- YOUR INSTRUCTIONS
Leave the images out. Give every line below again, precisely.

- DATA EXTRACT
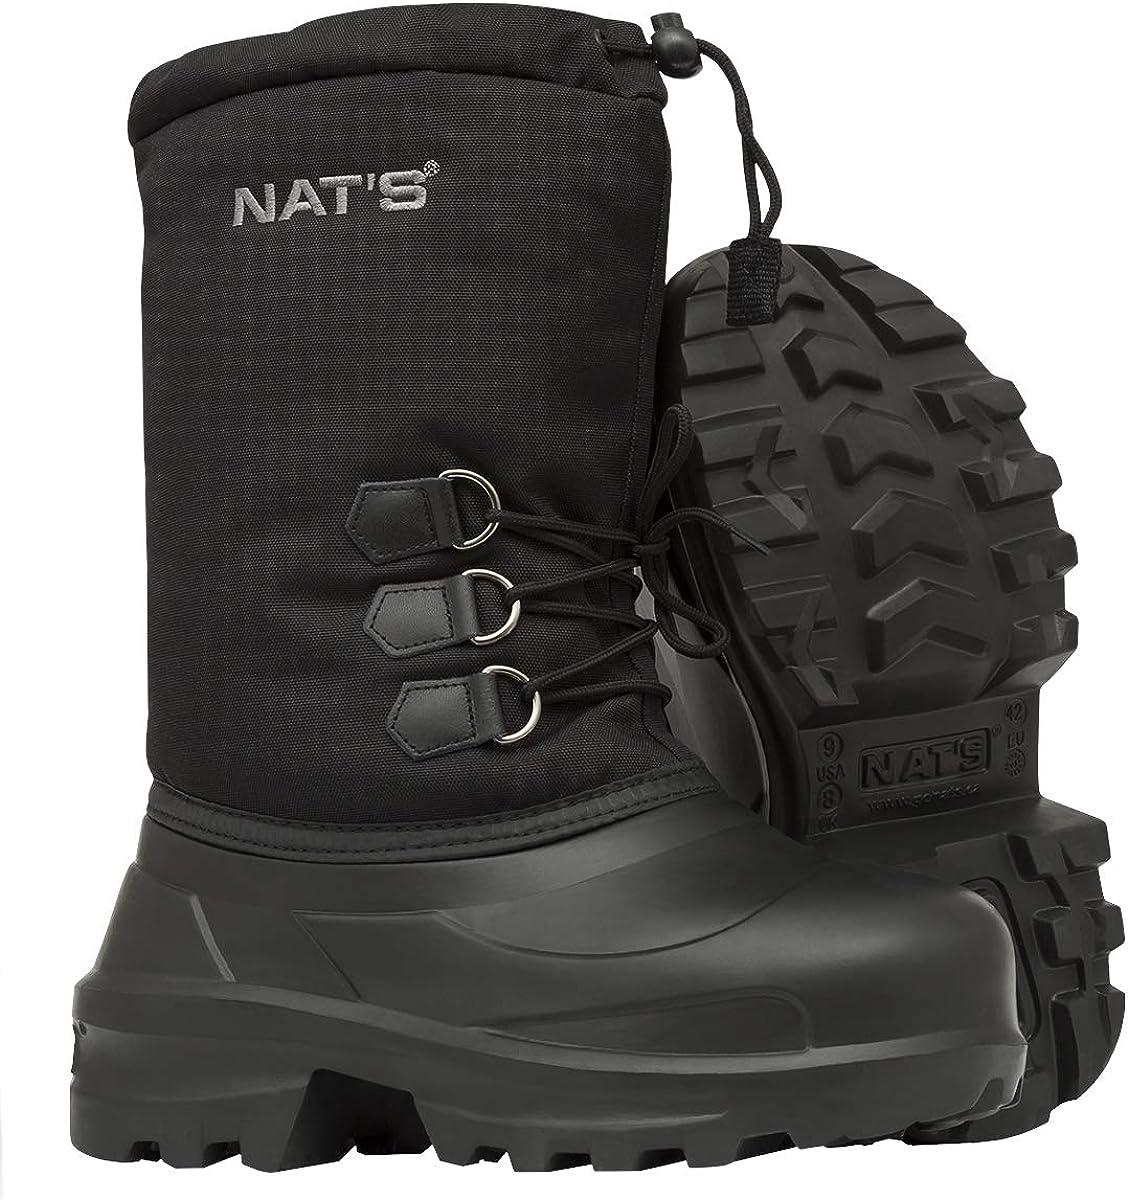 Award-winning store R900 Waterproof Winter Boots Mesa Mall Up to Snowmo -121°F - as Perfect
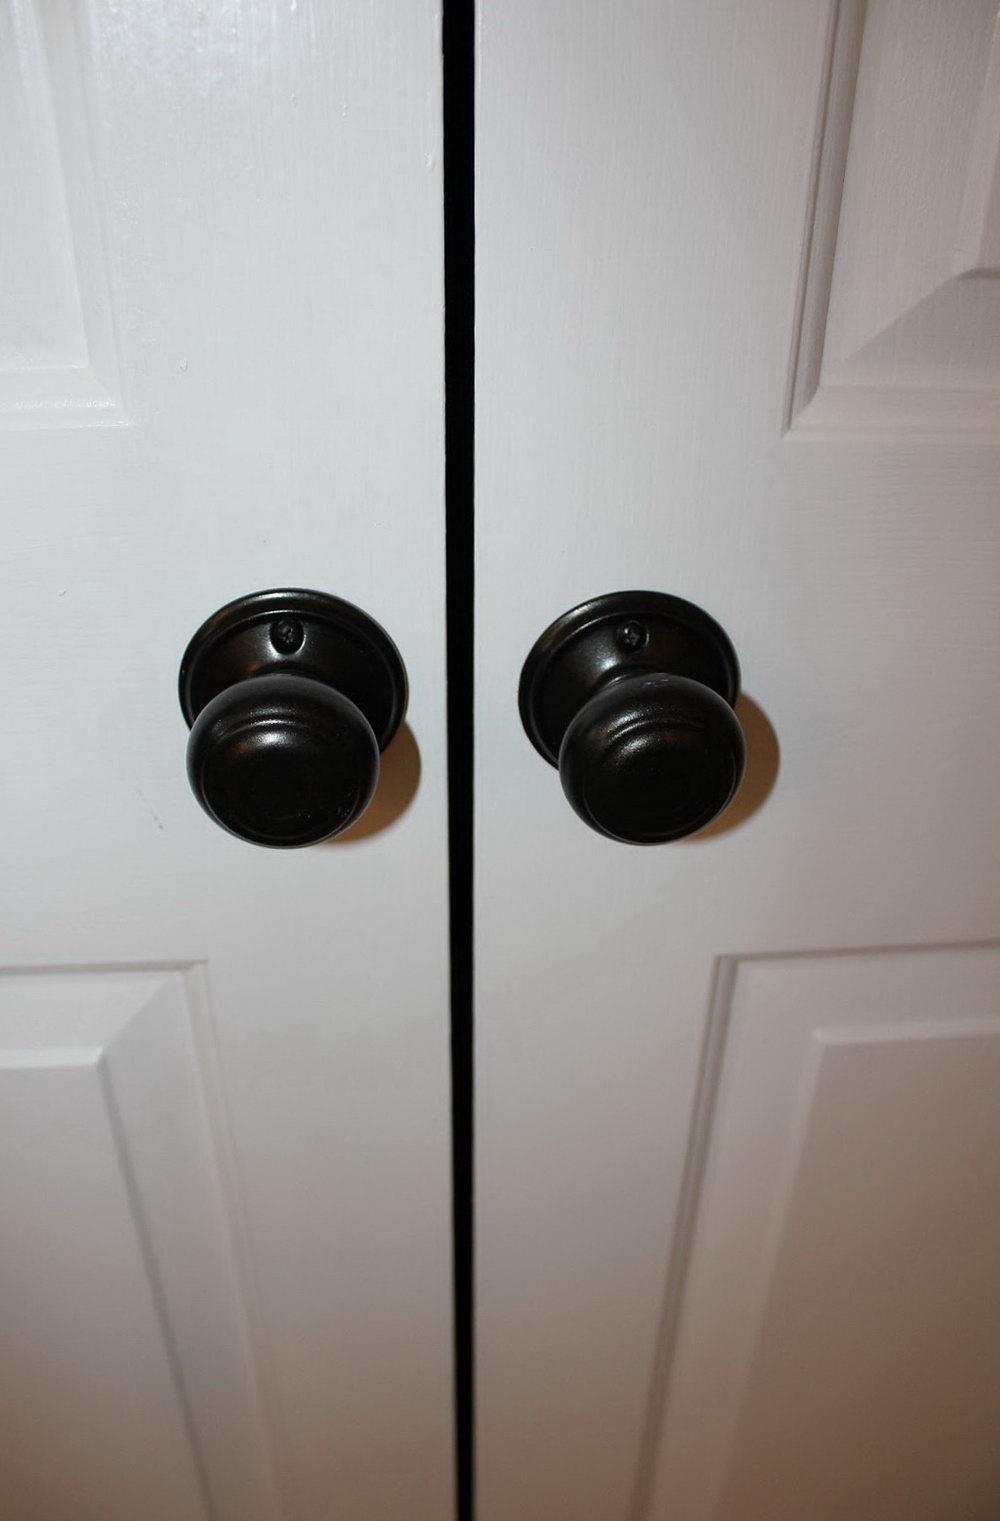 closet door knobs decorative photo - 9
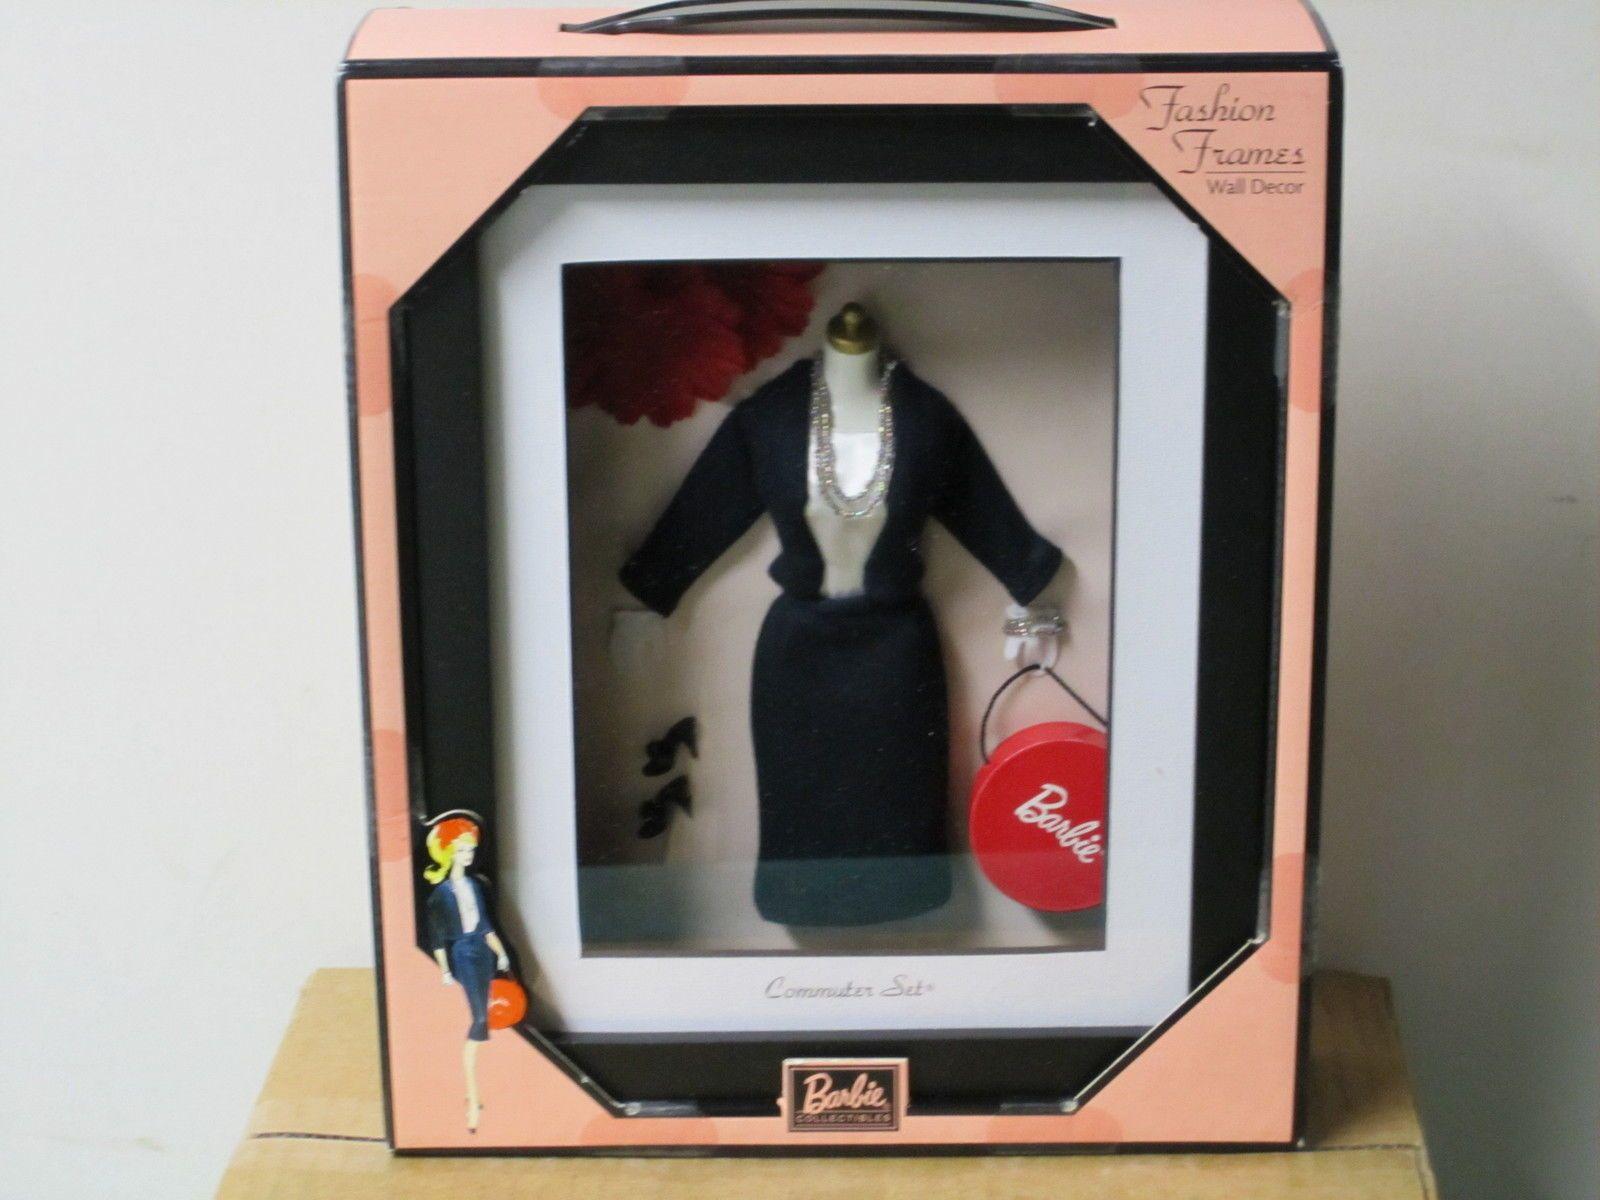 barbie shadow box fashion frames wall decor commuter set ebay - Ebay Picture Frames

- RESPONSE TO THE EXERCISE
 Award-winning store R900 Waterproof Winter Boots Mesa Mall Up to Snowmo -121°F - as Perfect
 closet door knobs decorative photo - 9
 barbie shadow box fashion frames wall decor commuter set ebay - Ebay Picture Frames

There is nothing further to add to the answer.